Close #2185, close #2341, close #2258, close #1547, close #807, close #1329

Related to #1678

PR Checklist

  • cpu tests
  • gpu tests
  • if hidden state not given as input, assumed to be zero
  • port LSTM and GRU
  • Entry in NEWS.md
  • Remove reset!
  • Docstrings
  • add an option in constructors to have trainable initial state
  • Benchmarks
  • use cuDNN (future PR)
  • implement the num_layers argument for stacked RNNs (future PR)
  • revisit whole documentation (future PR)
  • add dropout (future PR)

@darsnack
Copy link
Member

darsnack commented Oct 18, 2024

Fully agree with updating the design to be non-mutating. There are two options we've discussed in the past:

  1. y, h = cell(x, h) like here (I guess this PR removes y as a return value which is fine)
  2. y, cell = cell(x) / y, cell = Flux.apply(cell, x)

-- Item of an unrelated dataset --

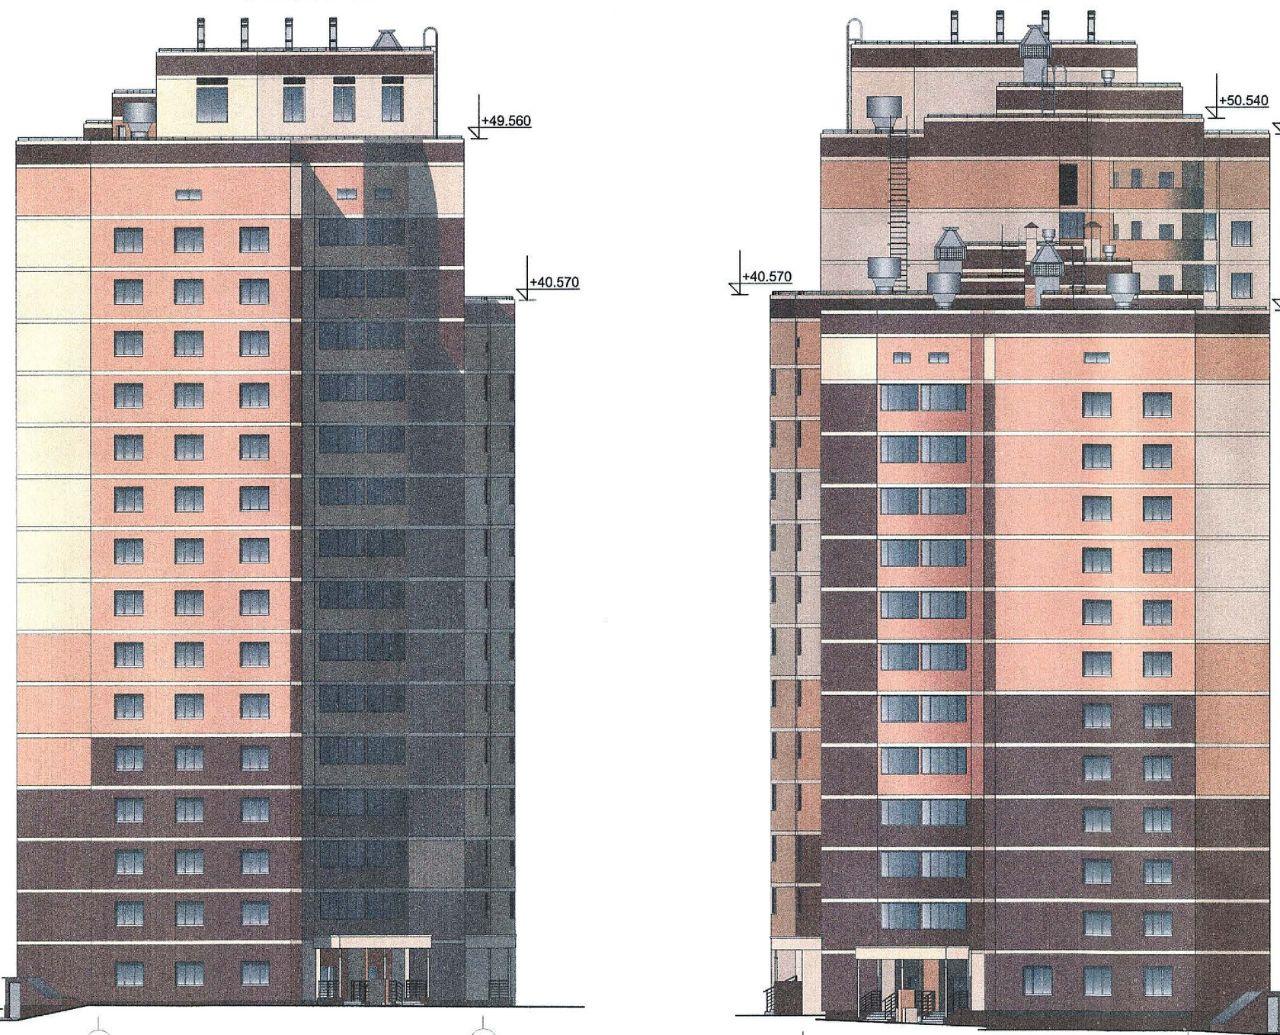 купить квартиру в ЖК по ул. Московская, 311
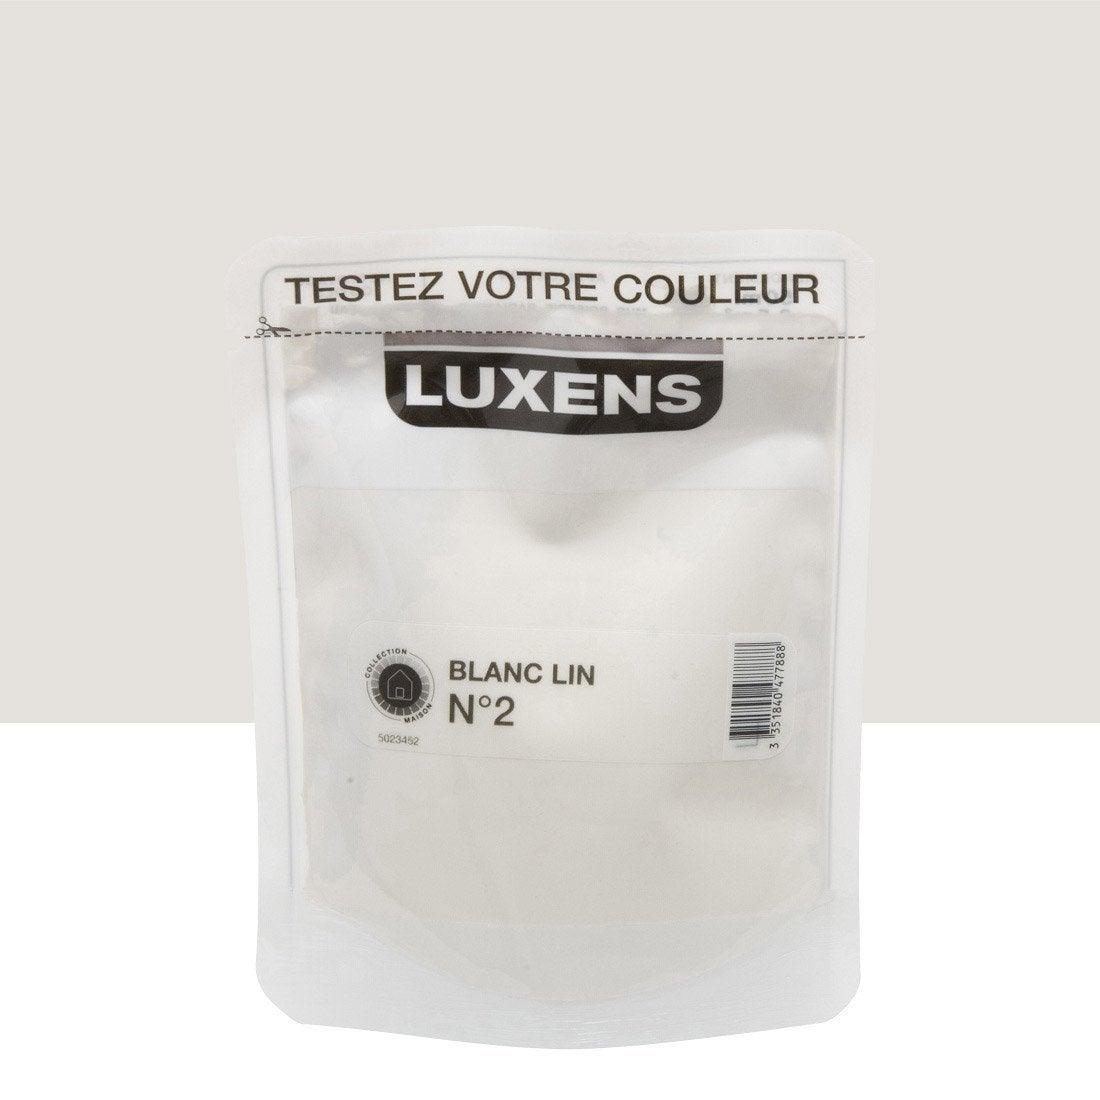 Emejing Salle Couleur Peinture Noisette Et Blanc Gallery - Amazing ...

Option 1 is outlined in this PR so I won't say anything about it.

Option 2 is a more drastic redesign to make all layers (not just recurrent) non-mutating. Why?

  • Do a design that covers stateful layers in general (e.g. norm layers) and not just recurrent cells
  • Keep a nice feature of Flux's current design which is that the model contains all info: parameters, state, flags, etc.

@CarloLucibello
Copy link
Member Author

I thought about Option 2. On the upside, it seems a nice intermediate spot between current Flux and Lux. The downside is that the interface would seem a bit exotic to flux and pytorch users. Moreover, it would be problematic for normalization layers.

Also, we need to distinguish between normalization layers and recurrent layers.

  • Normalization layer at training time update some internal buffers, within a stopgrad barrier. The buffer update has no influence on the output of the layer and the final loss. You typically apply the layer only once during the forward pass. Normalization layers are typically part of larger models (chains or custom structs). Therefore for normalization layers: 1) we haven't had the gradient computation problems we had for recurrent layers; 2) you want the layer with the updated buffer to be inserted back in your model, but this would require a mutating operation or returning a new model.

  • For recurrent layers, Option 2 would be sensible, but is it worth it? Once you adopt the perspective that a cell takes two inputs, x and h, and gives back an output, hnew, all problems disappear. I think we add complexity for no gain in trying to keep the state internal.

@ToucheSir
Copy link
Member

The main benefit for keeping the state "internal" or having it be part of a unified interface like apply would be that Chain works with RNNs again. Whether that's worth the extra complexity is the question. Given our priorities, I think it's best left as future work.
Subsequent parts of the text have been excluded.